Marriage "does not solely have a religious meaning" / "is not solely a religious rite" because it pre-dates all existing religions. The fact that religions took marriages TOO doesn't mean they do not / cannot exist outside of religion.

As an Agnostic, I hope the day comes when Religions will give up their bogus claims on things that exist outside their scope.
 
Really interesting ideas in this thread about what transformations would need to happen to support poly unions.

One thing I'm curious about is people's use of the word "not legal". Like "you can have a commitment ceremony between three people, but it's not legal."

I assume people mean that it does not have any legal effect, rather than it is an illegal act.

I know that there are sad stories of non-monogamy being used in custody disputes with children, as an example of the unsuitability of an adult to parent.
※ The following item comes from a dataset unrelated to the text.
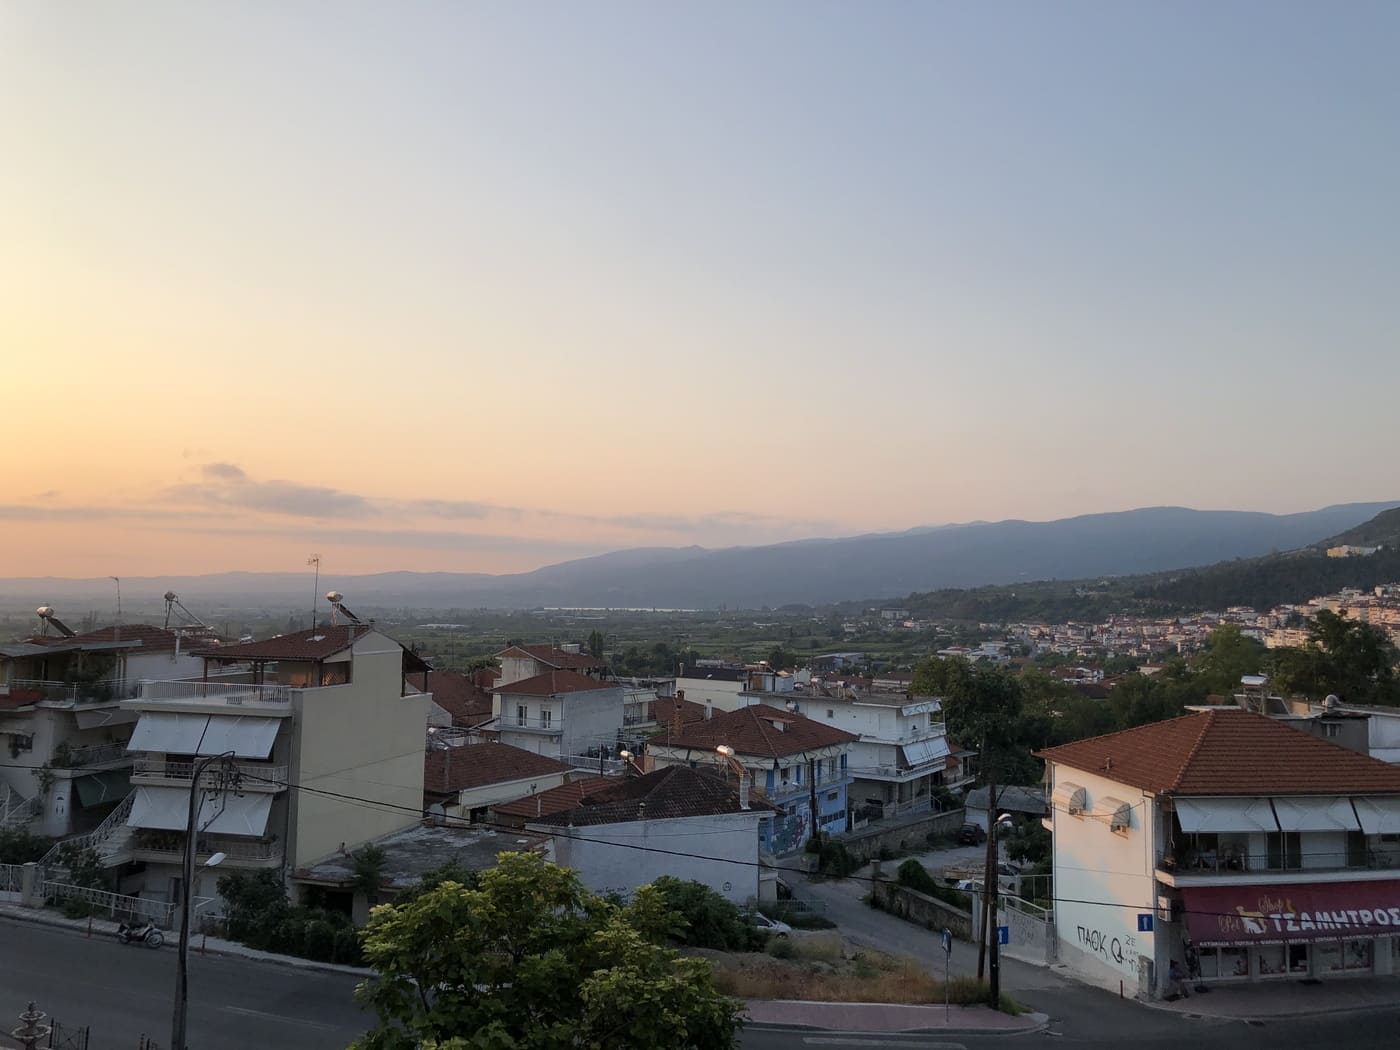 Ausblick auf Stadt Veria, Region Imathia, Sonnenuntergang, Berge, Häuser, Einstimmung auf die Tagestour

And obviously in many places if you tried to legally marry more than one person, that would be the crime of bigamy.

Apart from this, are there any other legal risks of multi-partner cohabiting / "marrying" (in the non-legal sense)?
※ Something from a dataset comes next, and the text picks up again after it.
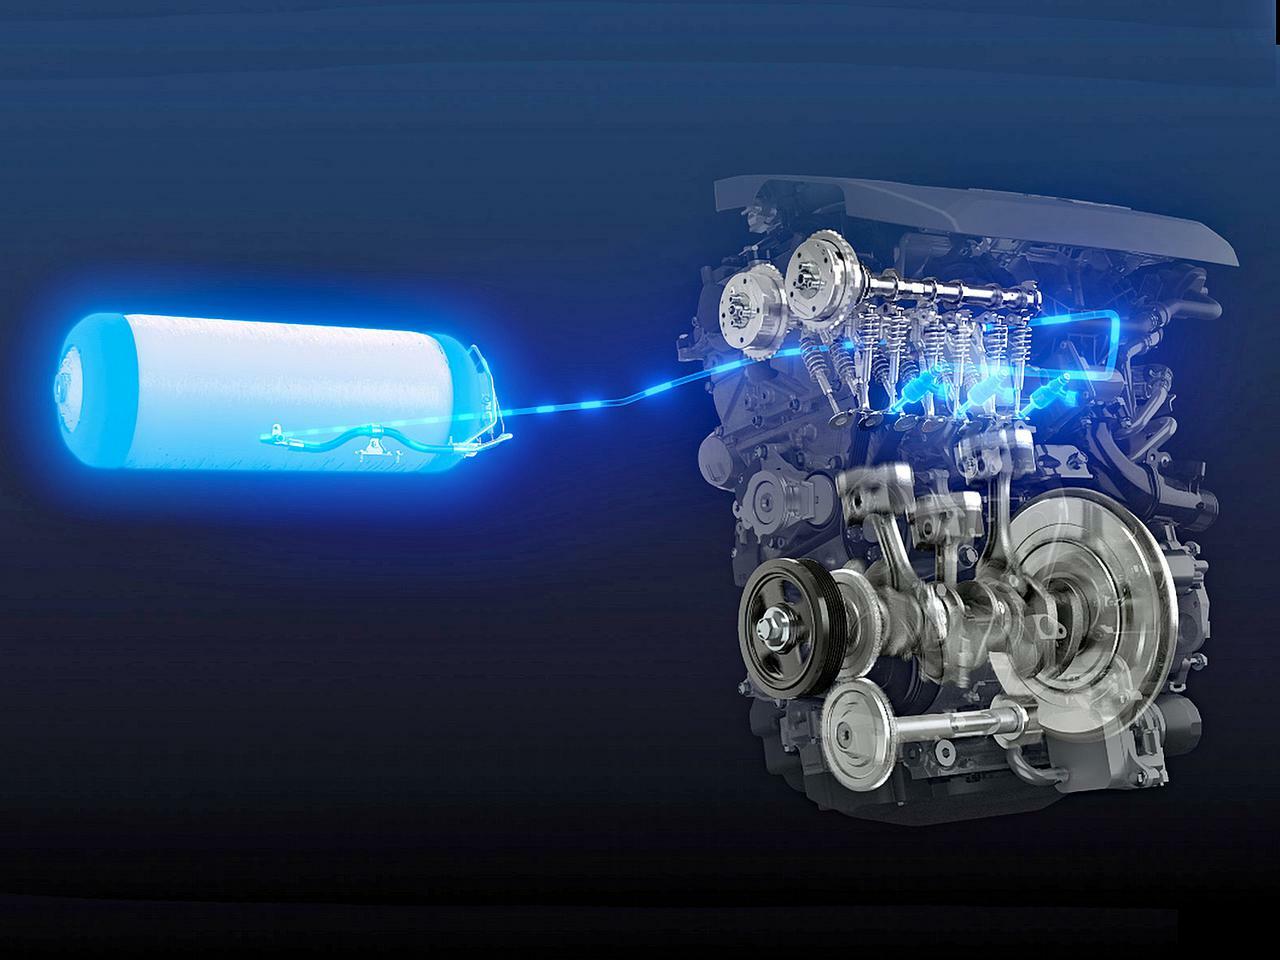 トヨタが水素エンジンを開発。カローラスポーツに搭載してスーパー耐久に実戦投入。さらなる技術革新に挑戦する

A slightly different question to "how is this not supported by law"?

My feeling is that you don't get a bunch of automatic benefits, but many of these you can create yourself with various legal instruments. It's nowhere near perfect, but it's somewhat possible. And there's nothing legally stopping you, in most countries, creating the relationship or family life you want. Provided you aren't hurting or abusing anyone.

Maybe I'm naive! Looking forward to the different ways society will do things in the future, though.
 
(* I think that lack of a decent verb to describe "getting a civil union" is probably a good enough reason to keep using the word "marriage", tbh!)
I've been known to mock the French tendency for old-fashioned language purism, but you have to leave it to speakers of French to be ahead of both English and German speakers in this way: "se pacser" ("getting a PACS", the French version of CU) has already become a fully regular and natural sounding French verb, distinct from "se marier" ("getting married"). :)


And no they weren't "the exact same statement". In one (yours) its a sacrament to Catholics for everyone. In mine it's a sacrament to Catholics only. Non Catholics don't believe that Catholicism is non-existent, they believe it and it's tenets are irrelevant... because to the non-Catholics they ARE irrelevant.
The fact is, it most definitely is a sacrament to Catholics for everyone (at least for everyone who is not either completely naive/uneducated, nor in denial of real world facts to the point of delusionality). Fullstop. It's simple not a matter of opinion, it's one of cold, hard facts.

People who say "it is not a sacrament for Catholics" are factually wrong, utterly regardless of whether they themselves are Catholics or not. Their false opinion is absolutely safe to be disregarded. They do not have their facts straight; their misgivings do not and should not matter in reasonable, logical discourse.

So, yeah, I may have given you too much credit in calling them the exact same statement. The statement you intended to make is simply false, while mine is true; only when interpreted as exactly paraphrasing my statement does your statement stop being false.


Marriage existed before Christianity.
[...]
Marriage "does not solely have a religious meaning" / "is not solely a religious rite" because it pre-dates all existing religions. The fact that religions took marriages TOO doesn't mean they do not / cannot exist outside of religion.
While true, these statements are utterly irrelevant to the points I made. They do not change the fact that my statements are 100% correct.